No-Code Tuning Examples
This page provides a step-by-step walkthrough of no-code tuning using the demo preset.
Prerequisites
Uses intelligence/zenith_tune/nocode/fake_train.py from aibooster-examples.
This script is a dummy training script whose execution time varies depending on --batch-size, --num-workers, and the OMP_NUM_THREADS environment variable.
# Verify it works
python fake_train.py --epochs 3
Starting training: epochs=3, batch_size=32, num_workers=4, OMP_NUM_THREADS=(not set)
Epoch 1/3 completed in 0.330s
Epoch 2/3 completed in 0.323s
Epoch 3/3 completed in 0.337s
Total training time: 0.99s
1. Check Available Presets
zenithtune optimize --list --dev
Presets:
dev:demo
Strategies:
grid
random
Evaluators:
duration
2. Run Tuning
Run 5 trials with the dev:demo preset.
zenithtune optimize --preset dev:demo --dev --n-trials 5 -- python fake_train.py --epochs 3
A total of 5 trials including the baseline (running the original command as-is) are executed, and the study is saved under outputs/.
3. Analyze Tuning Results
zenithtune analyze outputs/study_YYYYMMDD_HHMMSS/study.db
Analysis graphs (history.png, timeline.png, importances.png) are generated in the study directory.

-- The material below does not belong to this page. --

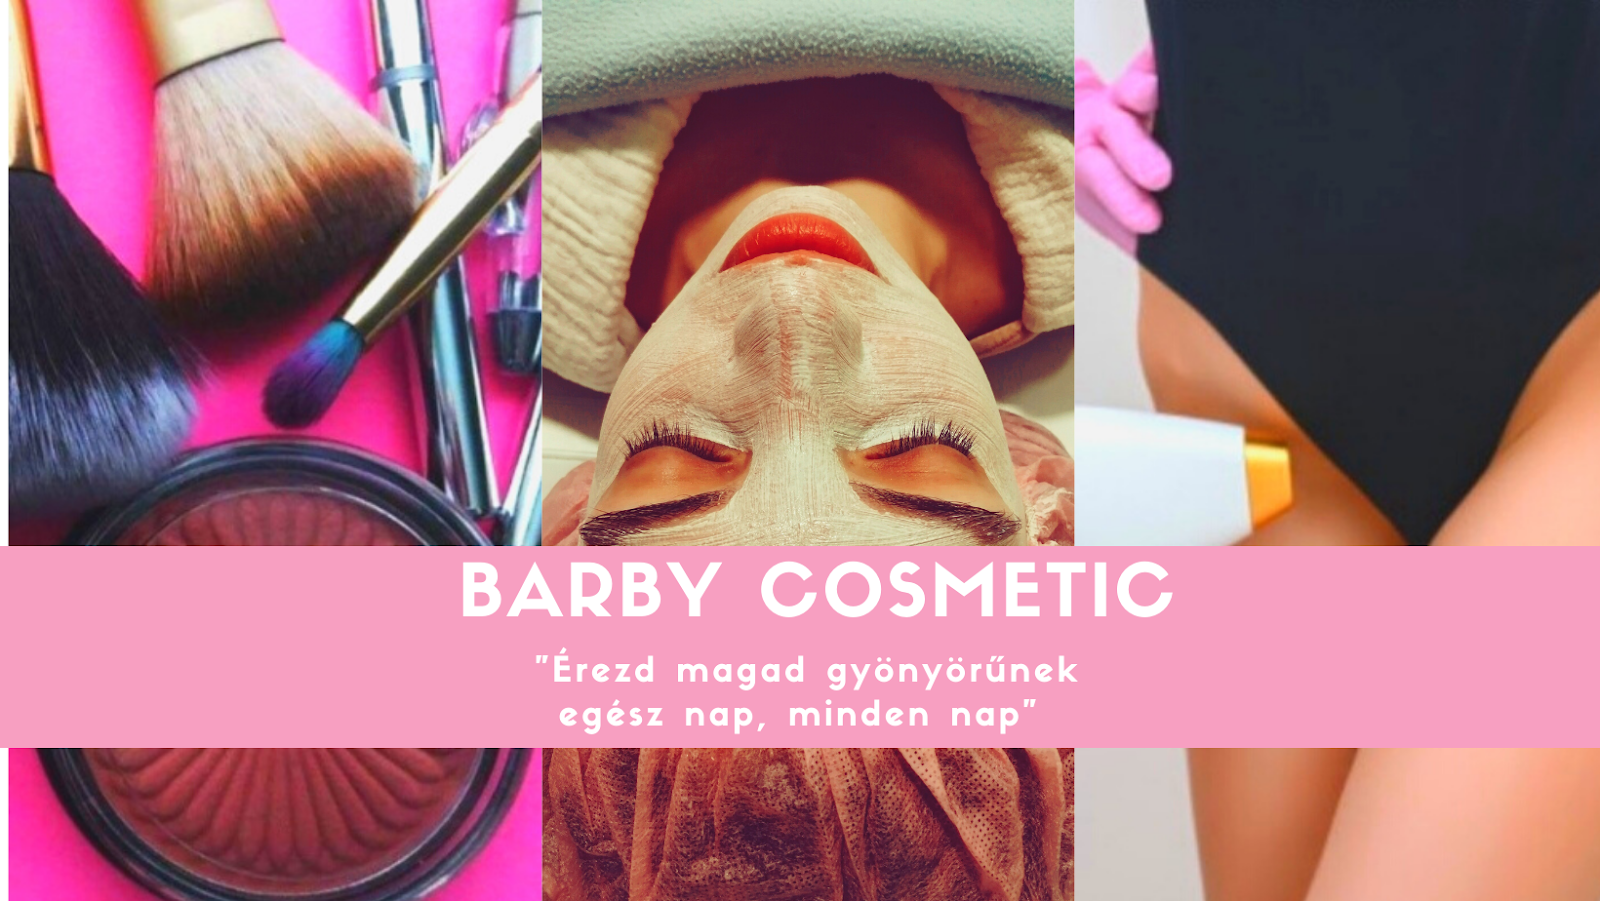 Barby Cosmetic

4. Run Command with Optimal Parameters
zenithtune apply --db-path outputs/study_YYYYMMDD_HHMMSS/study.db --preset dev:demo --dev -- python fake_train.py --epochs 10
Applies the best parameters discovered during tuning and runs the command.
You can specify different options from those used during tuning, such as --epochs 10, for production runs.
Inside the Demo Preset
The dev:demo preset optimizes the following 3 parameters.
| Parameter | Applied to | Search Range |
|---|---|---|
batch_size | --batch-size | 8–256 (step 8) |
num_workers | --num-workers | 1–16 |
omp_num_threads | Environment variable OMP_NUM_THREADS | 1–number of CPU cores |
RegexEvaluator is used to extract Total training time: X.XXs from stdout and minimize it.